Call me stupid but i don't follow you.Have a pic of what this looks like on the SC18??Kinda new to this micro stuff...need to be led by the hand for a while LOL  Thanks for your help!


----------



## RAFster (May 29, 2002)

The SC18 normally has the motor Pinion/Spur gear on the driver's side. Since the Speed 300 turns in the opposite direction of the Super 16D (std motor) the rear pod is designed to have the Pinion/Spur on the passenger side.

See the picture at:
http://www.brpracing.com/325.html
That's the Speed 300/Big Block.

Then look at the standard rear pod.
http://www.brpracing.com/110chassiscomplete.html

Now you see the difference?

David
RAFster


----------



## Guest (Aug 18, 2002)

Okie dokie..got it!  Well,you guys convinced me....one SC18 and rear pod conversion on the way!Can't wait to get it and smoke some rs4 tail at my local track.  Thanks for your help,its much appreciated


----------



## 2slow00 (Sep 26, 2001)

Modfiend don't forget the ball diff.It is a must have.


----------



## ChrisHarris (Feb 26, 2002)

*how much faster?*

Out of curiosity, how much do you gain going to the speed 300 motor over the stock one? How controllable is it?


----------



## 2slow00 (Sep 26, 2001)

Chris you have to be a very good driver to control the power. We run a series with Bud who designed and builds the cars and we run the stock motor and find it very fast.


----------



## RAFster (May 29, 2002)

*CORCAR thread....*

The SC18 vs. Micro is alive in CORCAR's forums for someone considering a purchase. Interesting how the HPI guys so adamantly defend their Nippon made cars.

http://207.54.175.41/cgi-bin/yabb/YaBB.cgi?board=general&action=display&num=1031065458&start=0

David
RAFster


----------



## Maverick Racing (Aug 9, 2002)

Ive had both, only kept them for about 2 weeks a piece. I liked the micro alot better, more of a market for it. but if there was a Buds Car oval class, id buy a new buds car.


----------



## Nil (Dec 8, 2001)

Oh, jeepers.
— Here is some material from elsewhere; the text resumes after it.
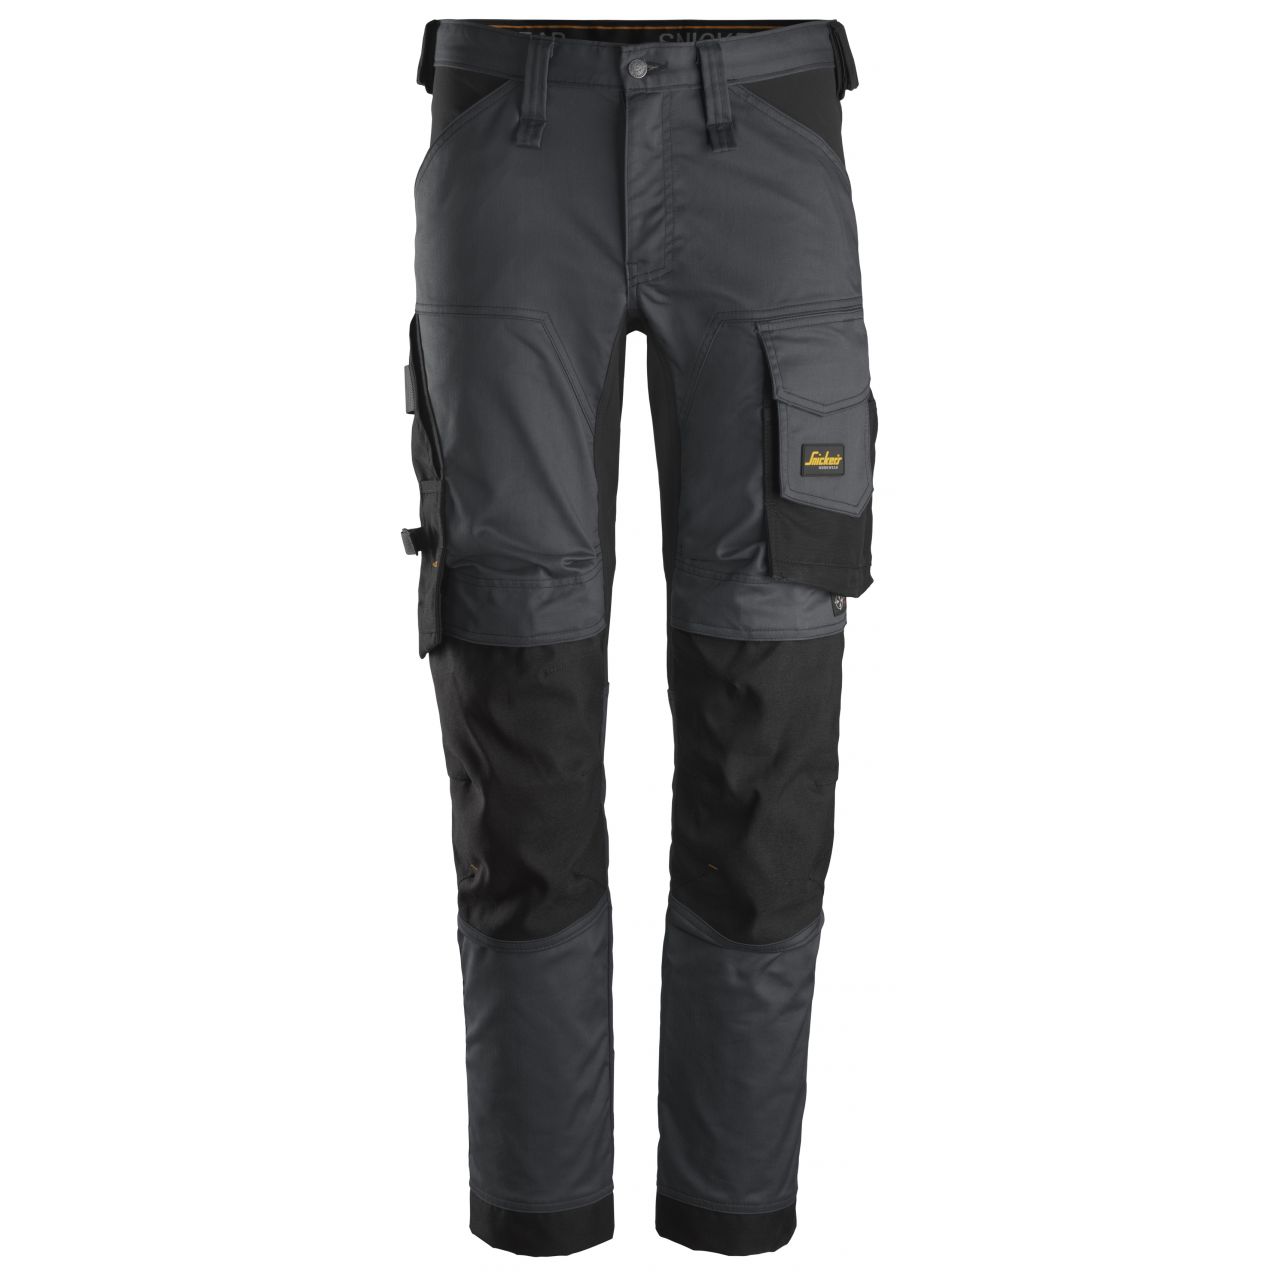 Pantalones elásticos AllroundWork Gris Acero-Negro talla 108

Where'd I put my CORCAR password . . . .


----------



## sg1 (Apr 2, 2003)

This is one of Rafsters best threads!! Bring it to the TOP!!!


----------



## xxfile (Nov 17, 2011)

hey 8 years later im going to have one of each the mrs4 is just about done and the sc18 brand new.....
hope Buds around makin these things for another 20 years or so...
MAYBE i'll get tired of it when im 70...


----------



## BudBartos (Jan 1, 1970)

xxfile said:


> hey 8 years later im going to have one of each the mrs4 is just about done and the sc18 brand new.....
> hope Buds around makin these things for another 20 years or so...
> MAYBE i'll get tired of it when im 70...


I will if people buy them but Chinas stuff is really cutting into RC.


----------



## Donald Deutsch (Sep 29, 2001)

Well I am still racing BRP at 72 and enjoying it.


----------



## xxfile (Nov 17, 2011)

Old age and treachery will beat those young [email protected]#$%^&ds every time..
need some "ben Hur" spikes on the axles?


----------